I don't know about his backstory but hell, even war-victims can get their whole lifes back toghether again so it CAN NOT be such a bad experience that he'll never play a show again.
Was he raped onstage or did his whole family get killed because of him playing a show or what?


----------



## Scar Symmetry (Jun 23, 2009)

arktan said:


> Was he raped onstage or did his whole family get killed because of him playing a show or what?

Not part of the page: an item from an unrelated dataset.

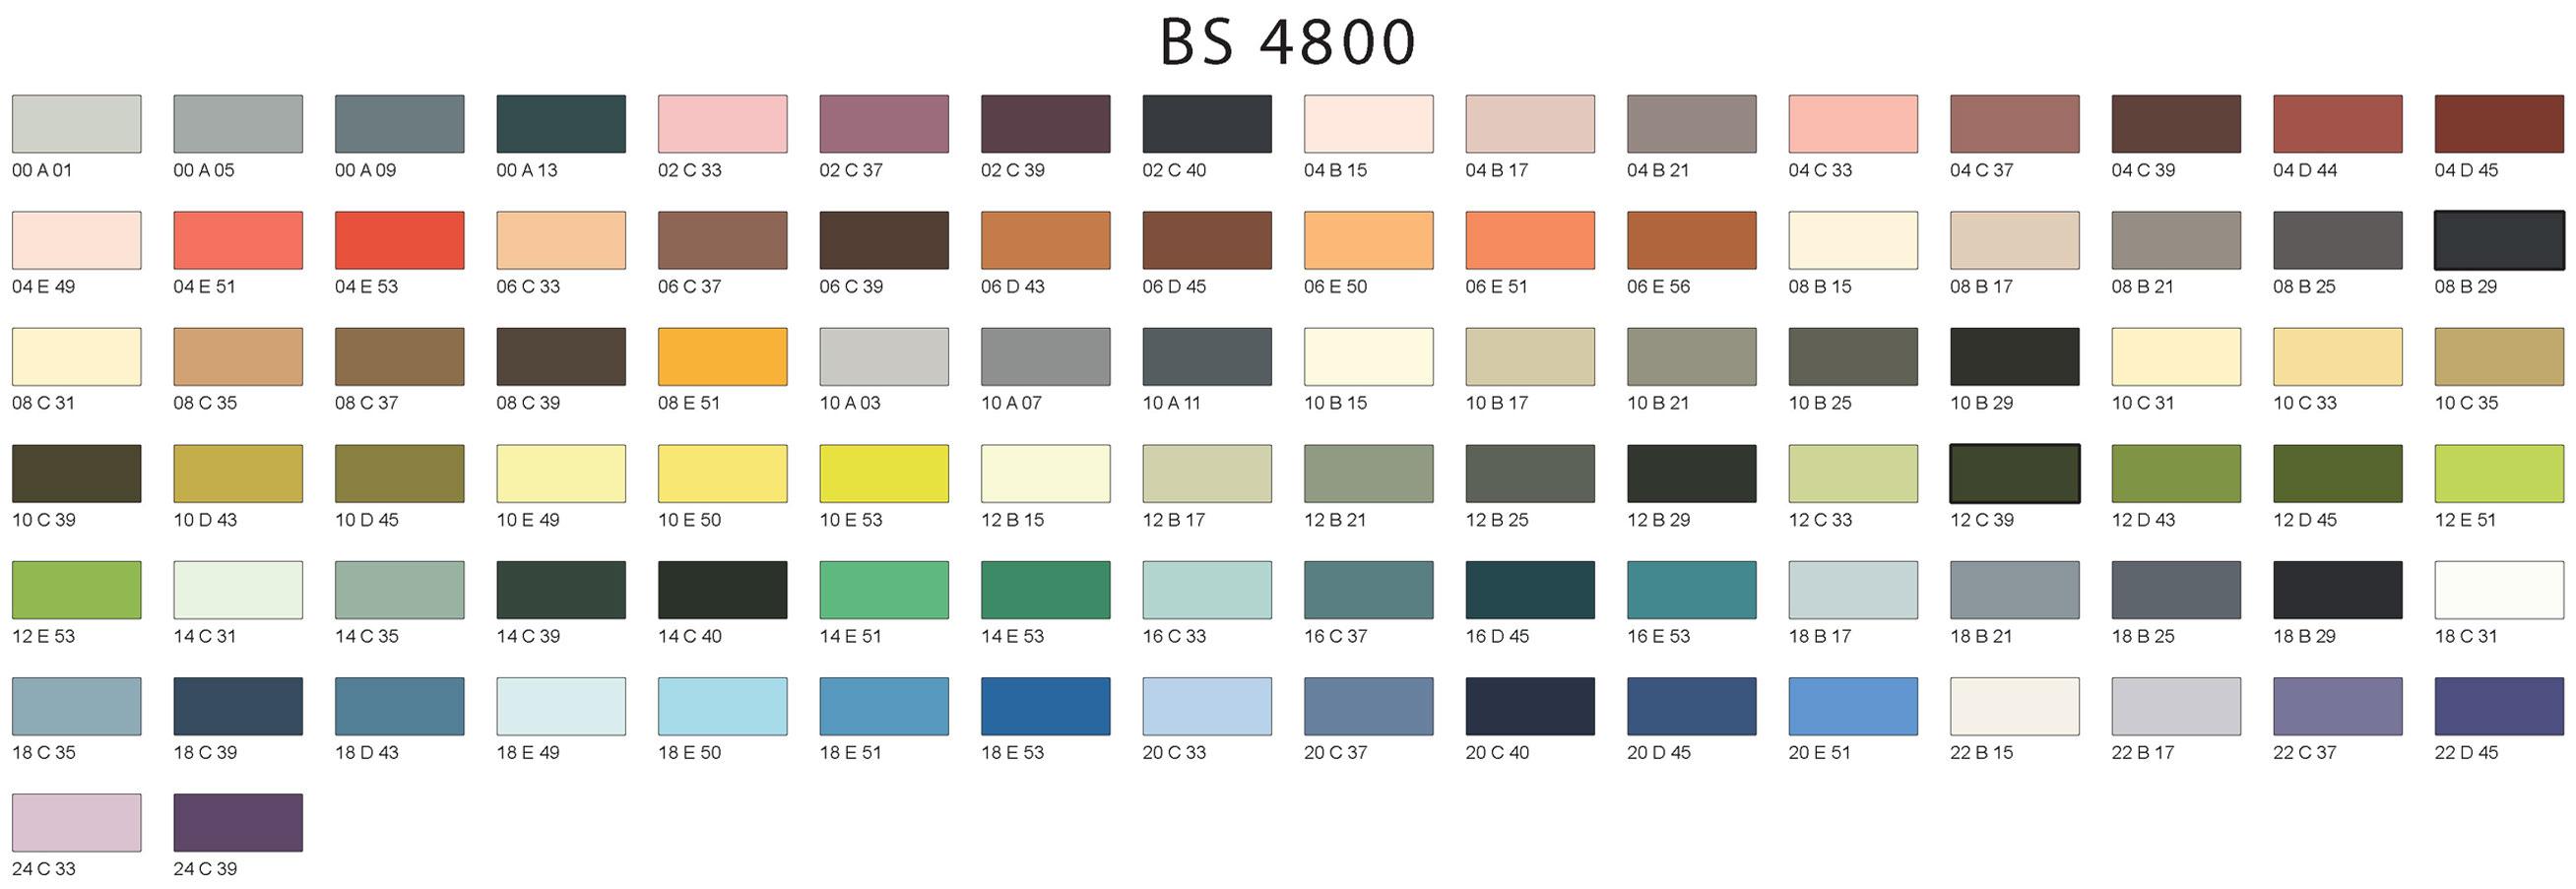 Powder coating colour charts 381c ral 4800 devon powder coating bs 4800 powder coating colour charts nvjuhfo Images

he was raped by Mr Mistoffelees... fucking actors.


----------



## petereanima (Jun 23, 2009)

on my first gig ever, i was jumping, and while i as in the air, my not-security-locks-equipped strap got loose, and when i landed i head the guitar in one hand doing some ninja performance to catch it. 1 song later our singer (we were doing some more melodic stuff back then) was singing so bad, our drummer stopped playing, stood up, pointed at him and laughed his ass off. our bassist stopped during one song and asked "what song is this?". he stopped one song later becasue he lost his cigarette, picked it up, re-lightened it, then started to play again....at the point where he stopped. i stumbled over the guitar cable.

as this was a big local fest going on, there were over 1000 people watching.

come, tell me about his bad experience. 

and i got over it pretty fast and i've played hundereds of gigs meanwhile. and if I can do it, he can do as well.


----------



## ralphy1976 (Jun 23, 2009)

that is awesome..especially knowing that your CD is out now!!!! i mean, talk about a turnaround!!!!


----------



## Scar Symmetry (Jun 23, 2009)

my first ever gig was with Dead To Fall, Through The Eyes of the Dead and Ion Dissonance!

needless to say I was fucked with nerves and Ion Dissonance absolutely destroyed all the bands, especially us, but once you've got past that first hurdle (and when you're that nervous time goes by very quickly) it's all downhill from there.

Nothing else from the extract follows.